Exercise description.
From the line with "2017 Bugatti Chiron" to the final line of the data below, please write out every line exactly, with no pictures.

Data excerpt.
● ● ● ●

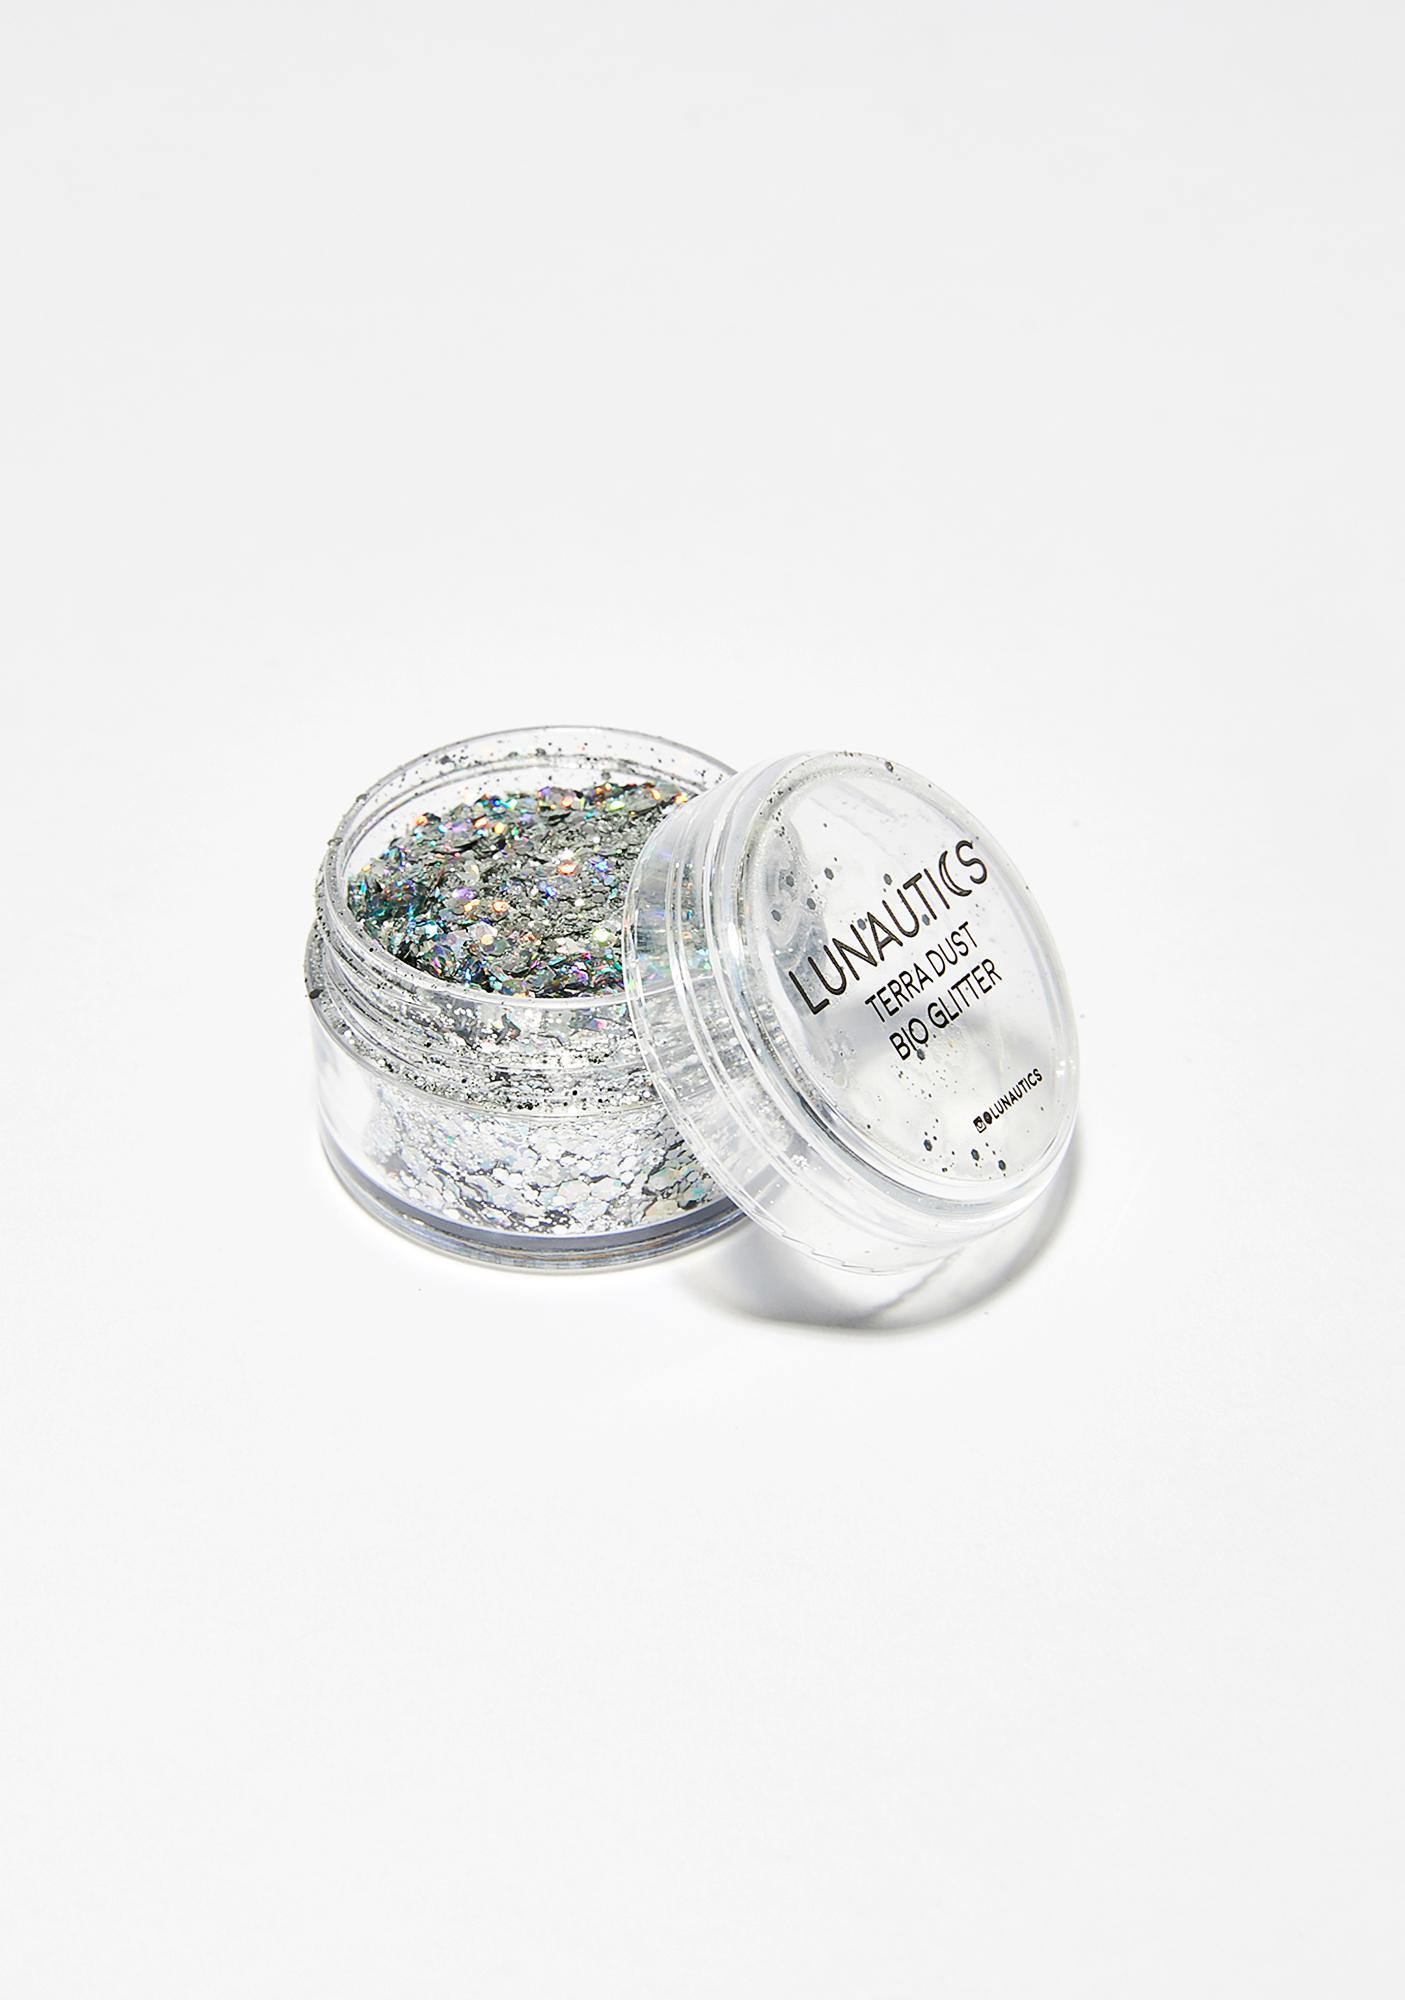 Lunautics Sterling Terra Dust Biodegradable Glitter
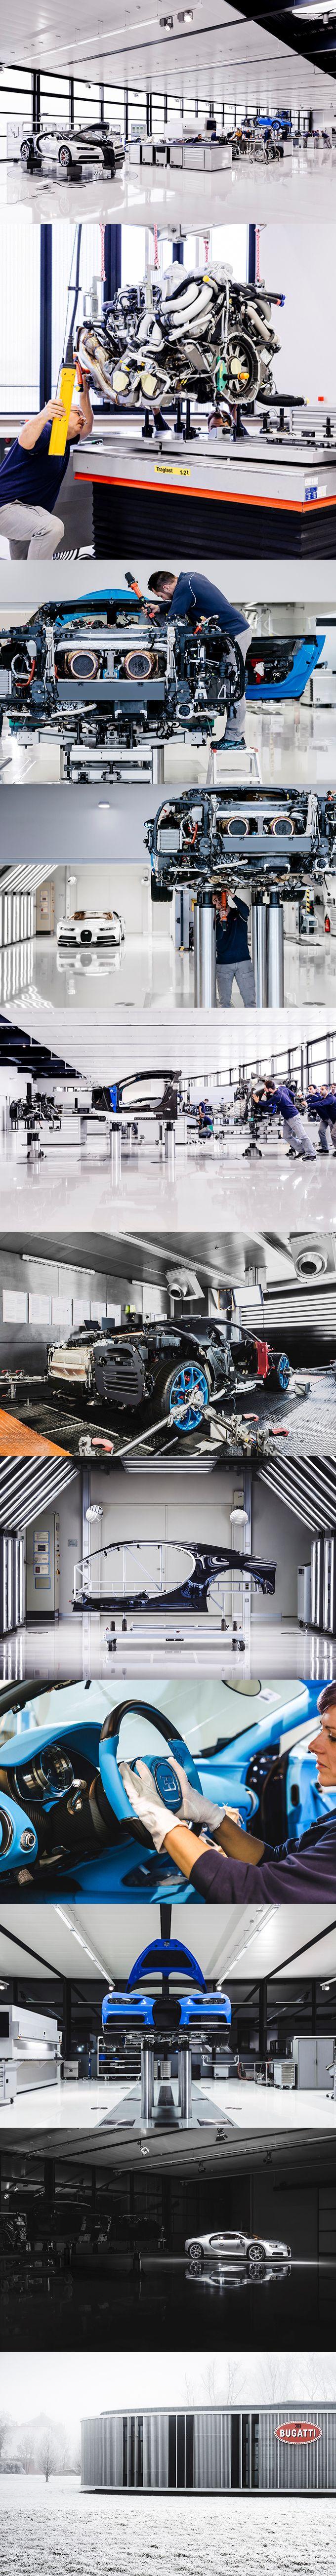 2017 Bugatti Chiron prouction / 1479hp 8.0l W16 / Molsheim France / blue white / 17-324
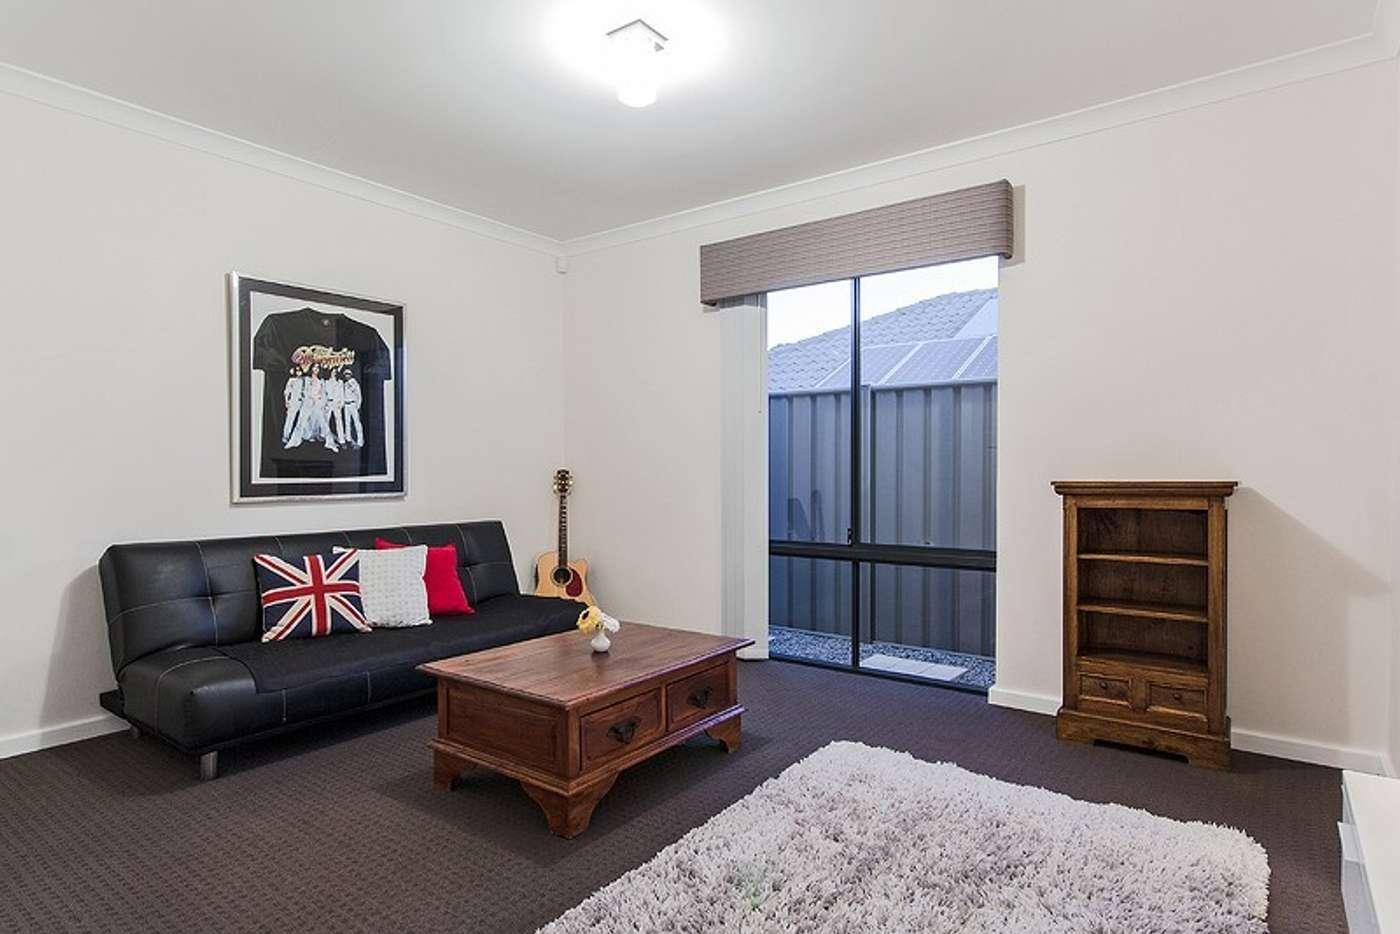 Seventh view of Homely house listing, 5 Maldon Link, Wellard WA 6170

● ● ● ●

Response.
 2017 Bugatti Chiron prouction / 1479hp 8.0l W16 / Molsheim France / blue white / 17-324
 Seventh view of Homely house listing, 5 Maldon Link, Wellard WA 6170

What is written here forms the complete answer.